Ci sono tanti modi di riempirsi di debiti, dai più nobili ai più beceri.
C’è chi firma cambiali per comprarsi l macchinone, chi è costretto ad aprire un mutuo per pagare le spese mediche a un figlio. C’è chi compra una casa per la sua famiglia e chi, moderno Dimitri Karamazov, si sputtana tutto in feste donne alcol e droghe.
C’è chi lo fa per se, chi per i propri familiari, chi per investimento e chi per vanagloria.
E poi c’è Novello Malatesta, mio nuovo eroe.
Siamo nel 1400, a Cesena.
Si respira aria di Rinascimento, ma la vita non è affatto facile: l’Europa è devastata da ondate successive di peste nera, l’Italia è dilaniata da guerre. Le condizioni igieniche sono terribili, la mortalità infantile è altissima, l’aspettativa di vita media è di trentacinque anni. La cultura? Roba per pochi.
La stampa devono ancora inventarla, la carta è poco diffusa, i libri sono rari e difficili da realizzare.
Costosissimi.
In un’epoca in cui potere e ricchezza si misuravano in terra, un manoscritto in pergamena arrivava a costare l’equivalente di due o tre poderi.
Bene, in questo scenario si svolge la storia di Domenico Malatesta, signore di Cesena, soprannominato Novello.
L’emblema dei Malatesta era l’elefante indiano, e Novello scelse come effige un Elefante accompagnato dall’epigrafe: “L’elefante non teme le zanzare”

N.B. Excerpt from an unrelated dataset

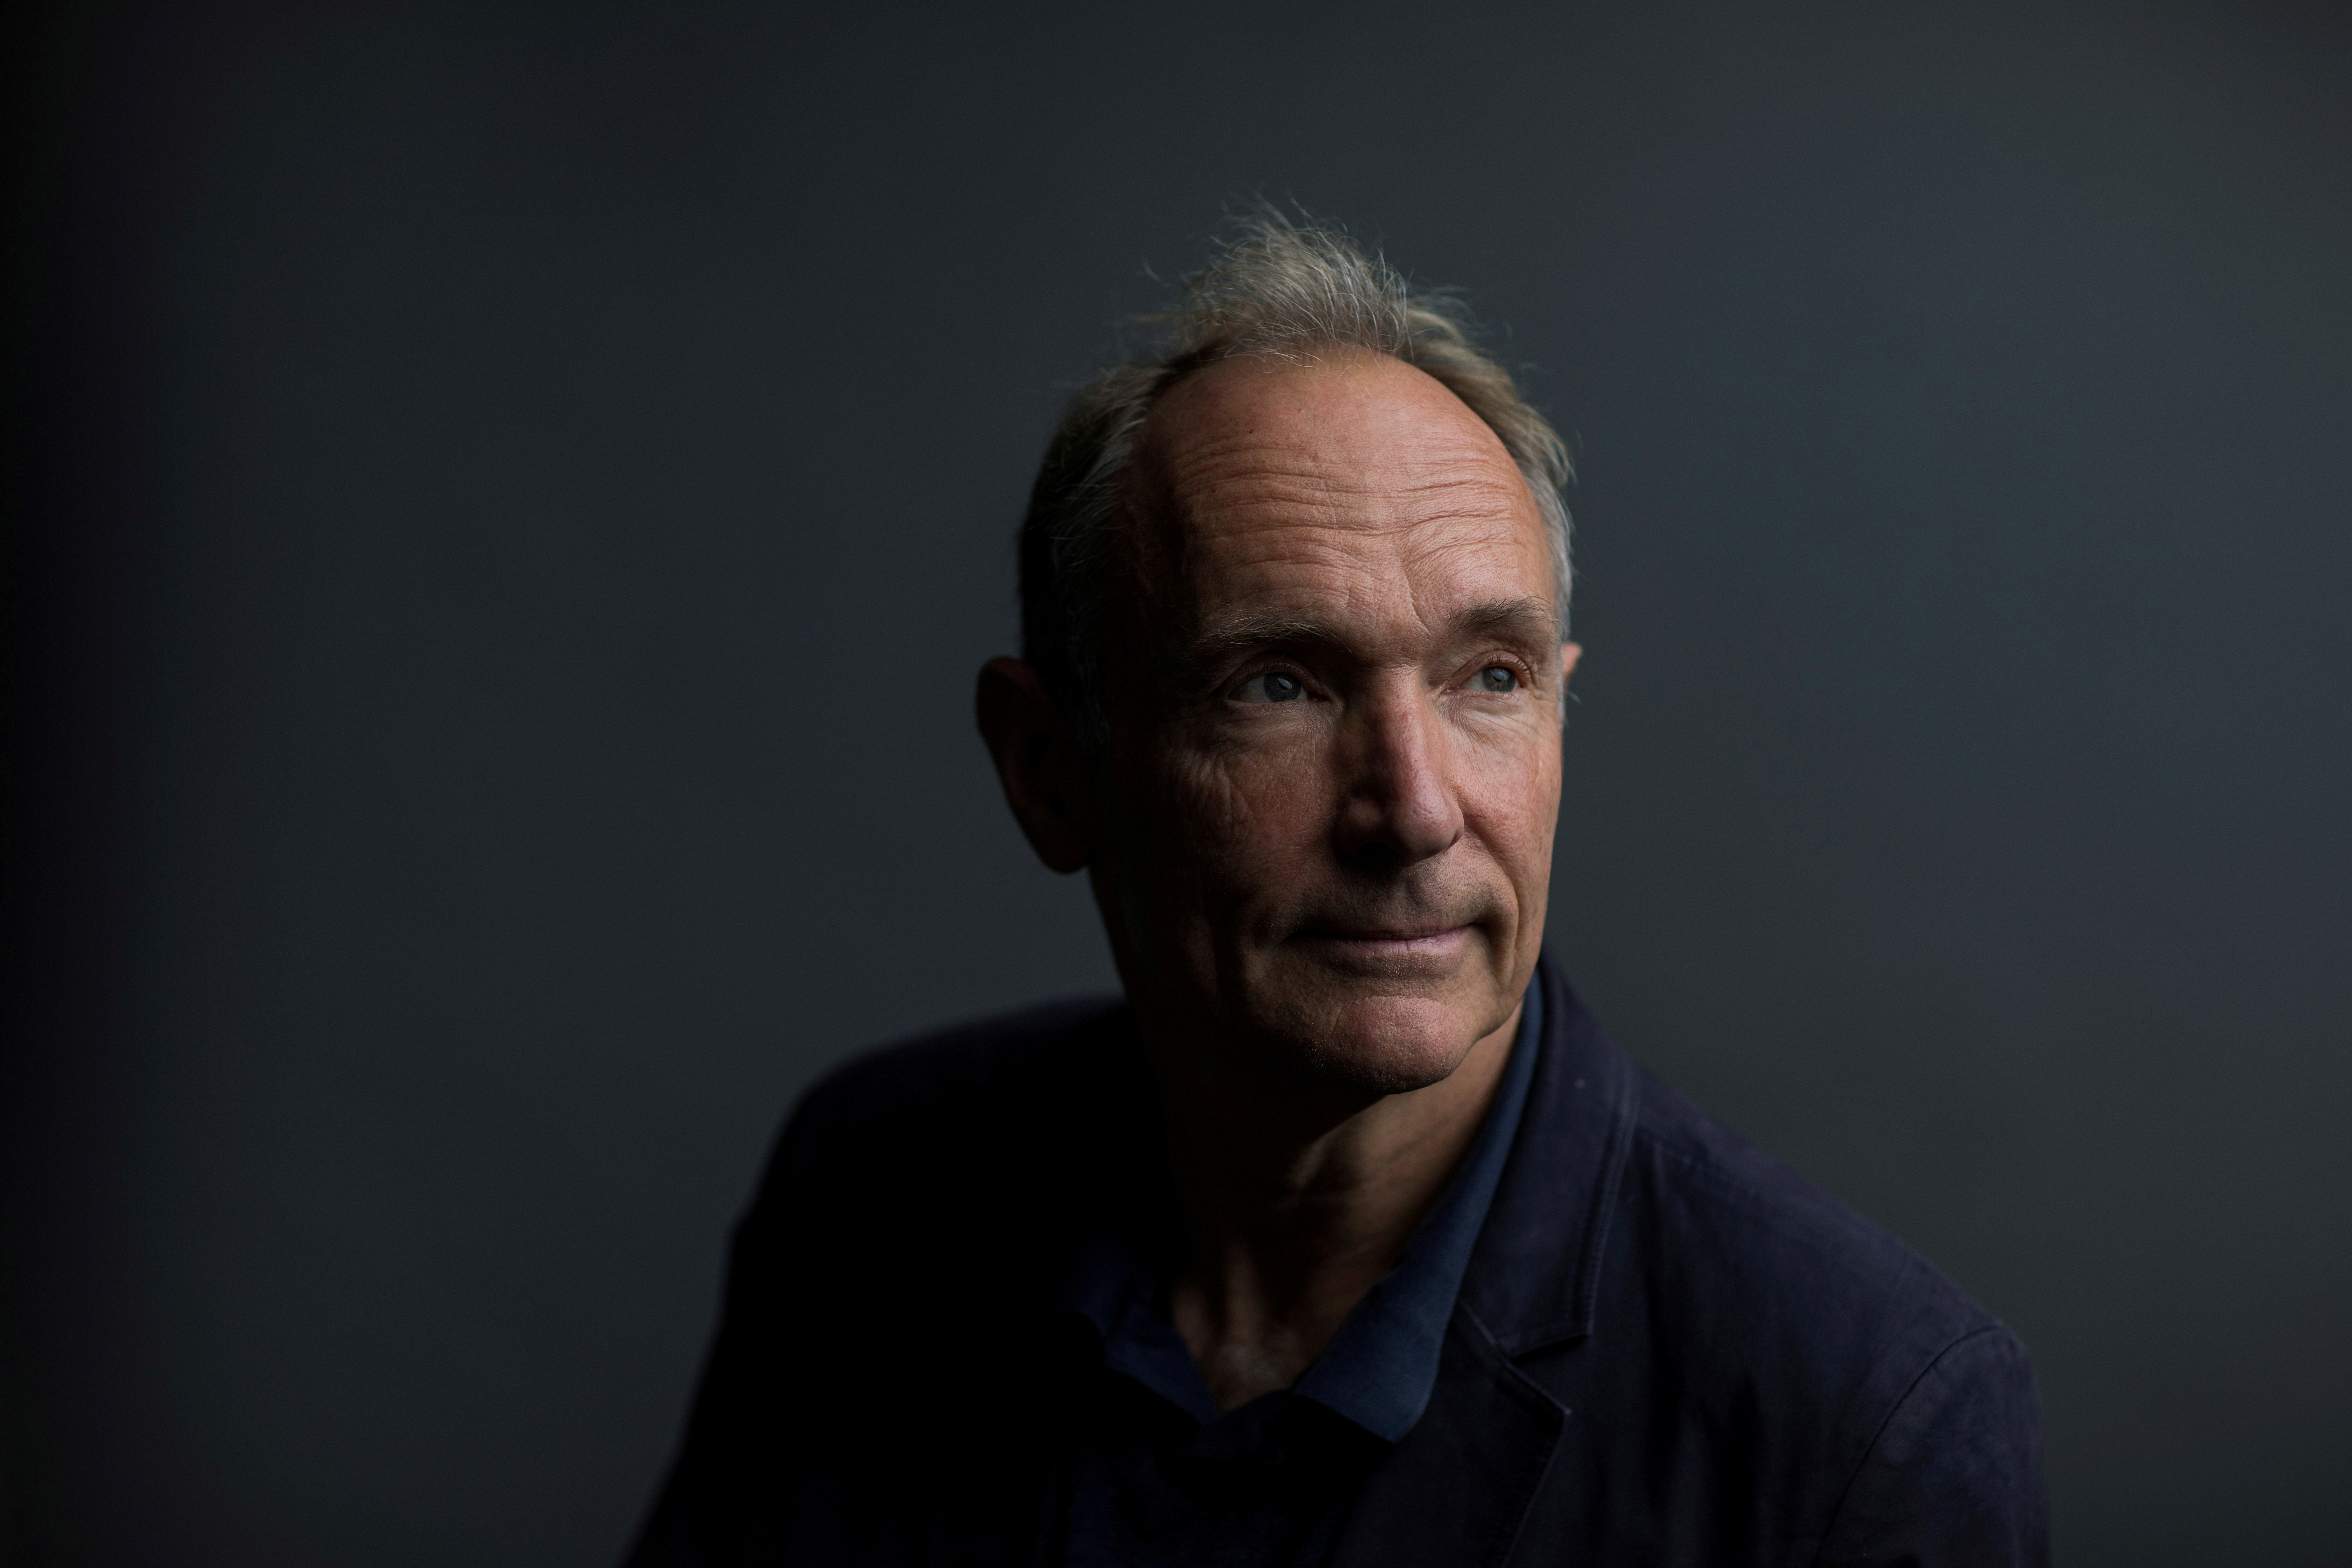  Tim Berners-Lee, conocido como el padre de la web (REUTERS/Simon Dawson/File Photo)

Era un bel personaggio Novello.
Costantemente in lite col fratello Sigismondo, signore di Rimini; liti che per anni sfociarono in una sanguinosa guerra, terminata solo grazie all’intervento pacificatore degli Este. Ma le guerre col fratello erano solo una distrazione da quello che era il suo intento principale: far grande la sua città.
E così, malgrado le guerre e le liti familiari, durante gli anni illuminati del suo governo commissionò fortificazioni, ospedali, importanti opere di ingegneria civile (tra cui addirittura un traforo nel quale far scorrere un canale che doveva alimentare mulini).

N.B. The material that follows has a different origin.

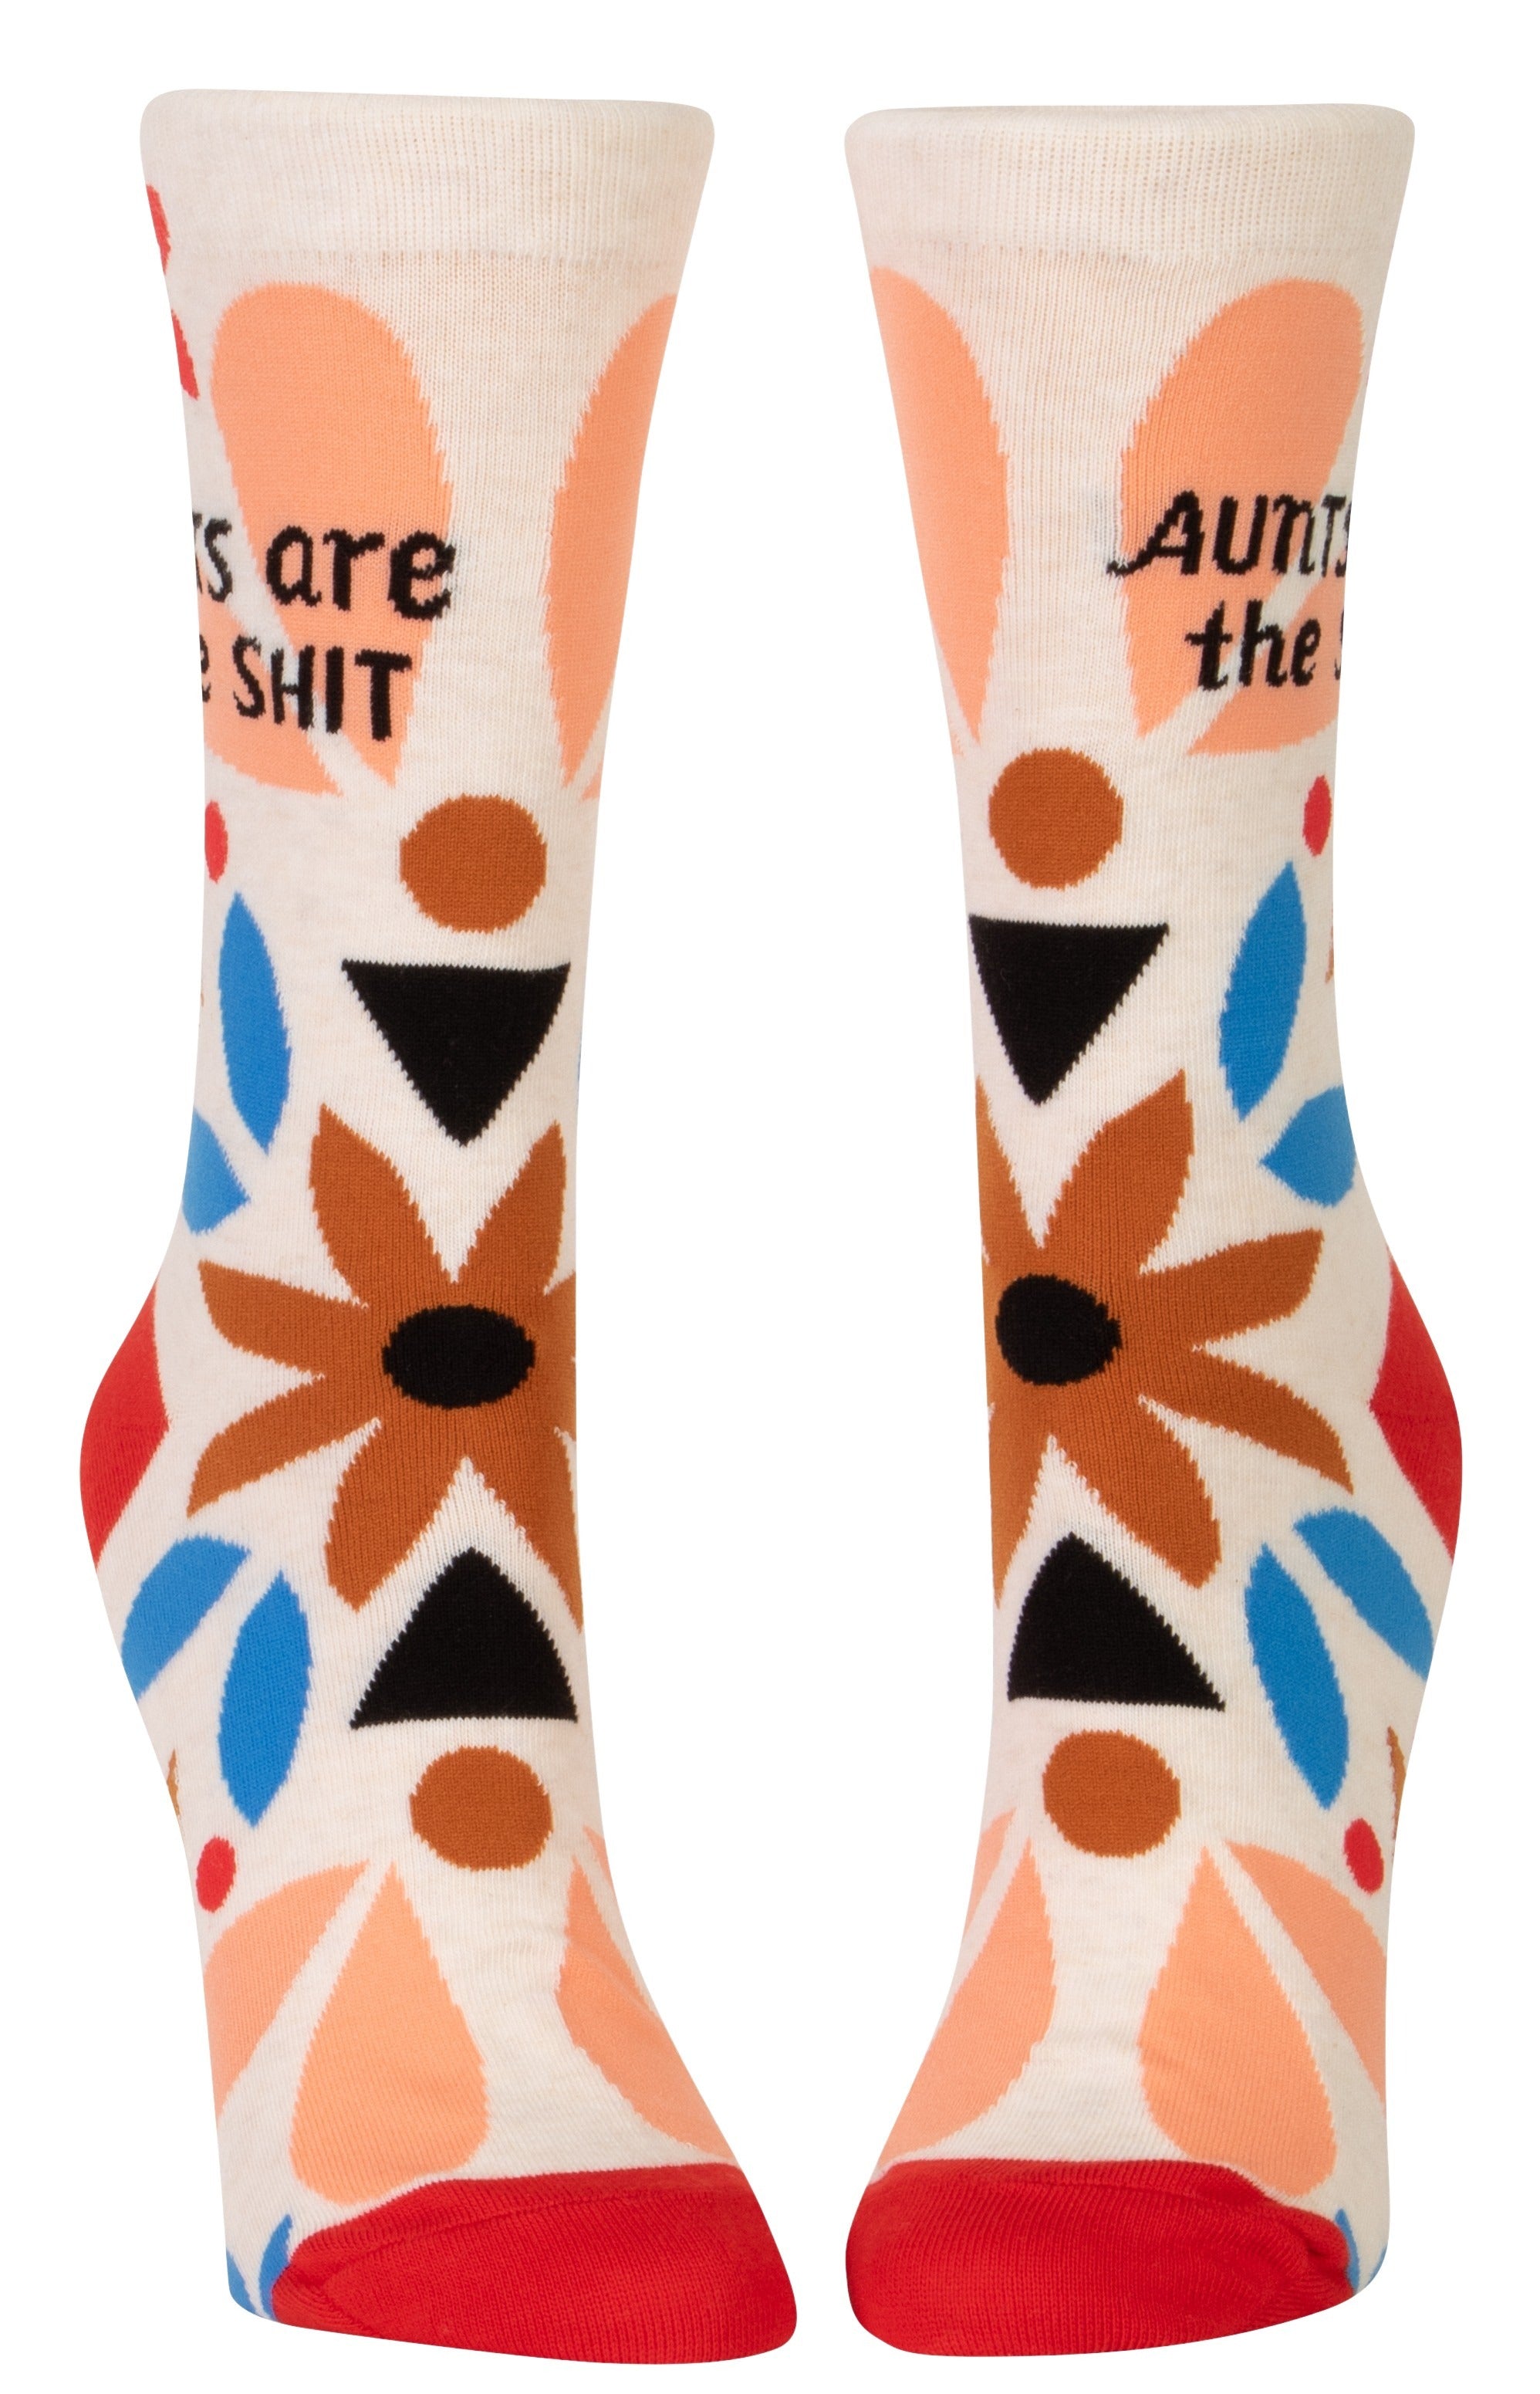 Blue Q - Crew Socks - Aunts Are The Sh!t

E poi iniziò la costruzione di quello che era il suo sogno, e che diventò la sua ossessione: la grande Biblioteca Malatestiana, quella che diventerà la prima biblioteca civica d’Italia.
Commissionò la costruzione all’architetto Matteo Nuti, e insieme a lui concepì quella che è uno dei più palpabili esempi di amore per la cultura.
Il fuoco, nemico per definizione dei libri, era bandito, quindi niente candele.
Per poter leggere serviva la luce, quindi la struttura doveva essere piena di finestre.
Anche l’acqua è nemica dei libri, quindi serviva un giusto grado di umidità e un’adeguata areazione.
Il risultato è una biblioteca pensata come una chiesa, dove però la divinità venerata sono i libri.
I libri, preziosissimi, sono incatenati ai banchi, i meravigliosi “Plutei” in legno, che fanno da panche, scaffali e leggio.
La particolarità qui è che non è il libro che viene portato al banco di lettura, ma è lo studioso che deve andare dal libro, che ha una sua posizione fissa.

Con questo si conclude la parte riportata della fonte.